The injection of AI into everything is an inevitability, so Salesforce is smart to take a bullish position. We like how the company has made use of AI capabilities more seamless inside the core cloud products and has focused on ‘productivity’ use cases as low hanging fruit. We also really like how Slack can be a unifying UI for building an AI-powered, full journey engagement model for enterprises. Allowing all customer-facing employees to gain access to customer data usually locked inside Sales or Marketing Cloud instances via Slack can go a long way to building solid Converged Growth organizational procedures and policies.

Additionally, Salesforce is smart to be bandying about the “trust” concept all over its AI initiatives. Today, many uses of AI — especially generative AI — are going on unsupervised or without strategy inside enterprises around the world.

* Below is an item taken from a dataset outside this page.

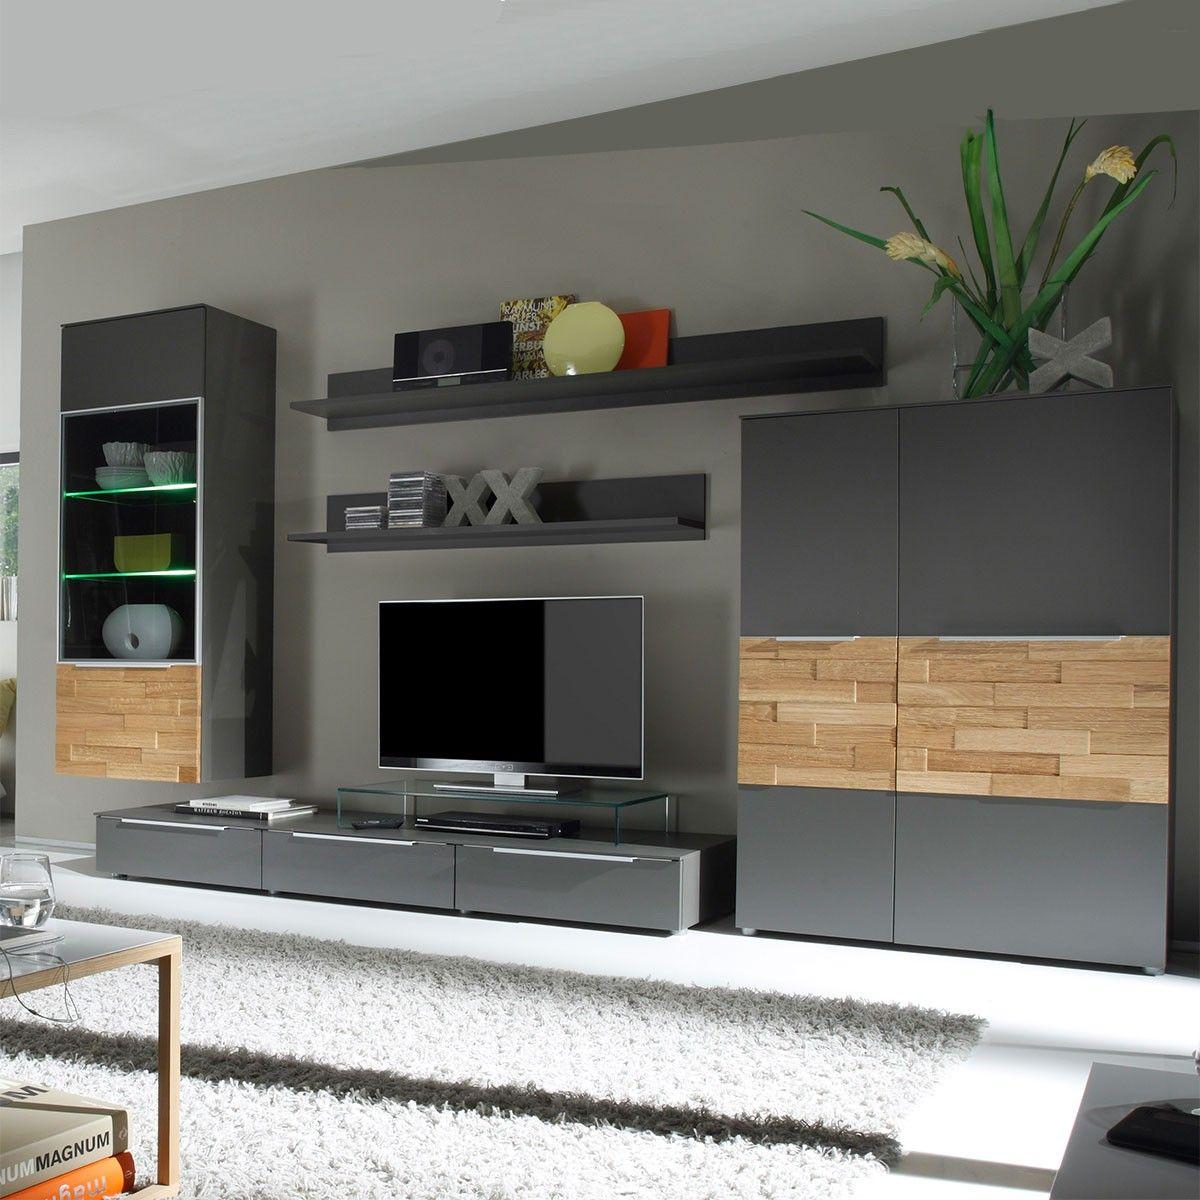 inspirierend wohnzimmerschrank modern - Wohnzimmerschrank Modern

For regulated industries, and for geographies with strict data privacy and stewardships mandates (with serious fines associated with each misstep), guardrails are needed. Salesforce is positioning itself as a trusted advisor both in terms of helping internally regulate how companies deploy generative AI in a safe and secure manner, but also performing a lot of the data masking and safety measures as a service.

Many other CRM and MarTech providers simply lack the breadth of functionality, services and a core platform to do what the Einstein Trust Layer can do for companies deploying an internal AI strategy. When you combine the ease of use that Slack can provide for all users in terms of interacting with AI prompts, to melding CRM and other Data Cloud information to improve AI performance with Grounded Prompts, to the data and infrastructure layers that MuleSoft and Tableau bring to the table to promote hyper-automation and workflow building with zero code — no one else really stacks up.

The devil, of course, is in the details of execution. While a lot of what we saw at Dreamforce was “live” and either already readily available or becoming available this fall — the full seamlessly embedded, “everything working together” vision Salesforce presents at its marquee customer event is still a bit more “art of the possible” than everyday use case. Salesforce customers are still going to have license access to lots of these components, which they may not have today and which will increase costs and complexity for larger enterprises. The key is how Salesforce continues to evolve not just the product portfolio, but its overall pricing models to make sure value is received on both sides as AI makes it easier, if not necessary, for more individuals in the company to access and make use of Salesforce data and features.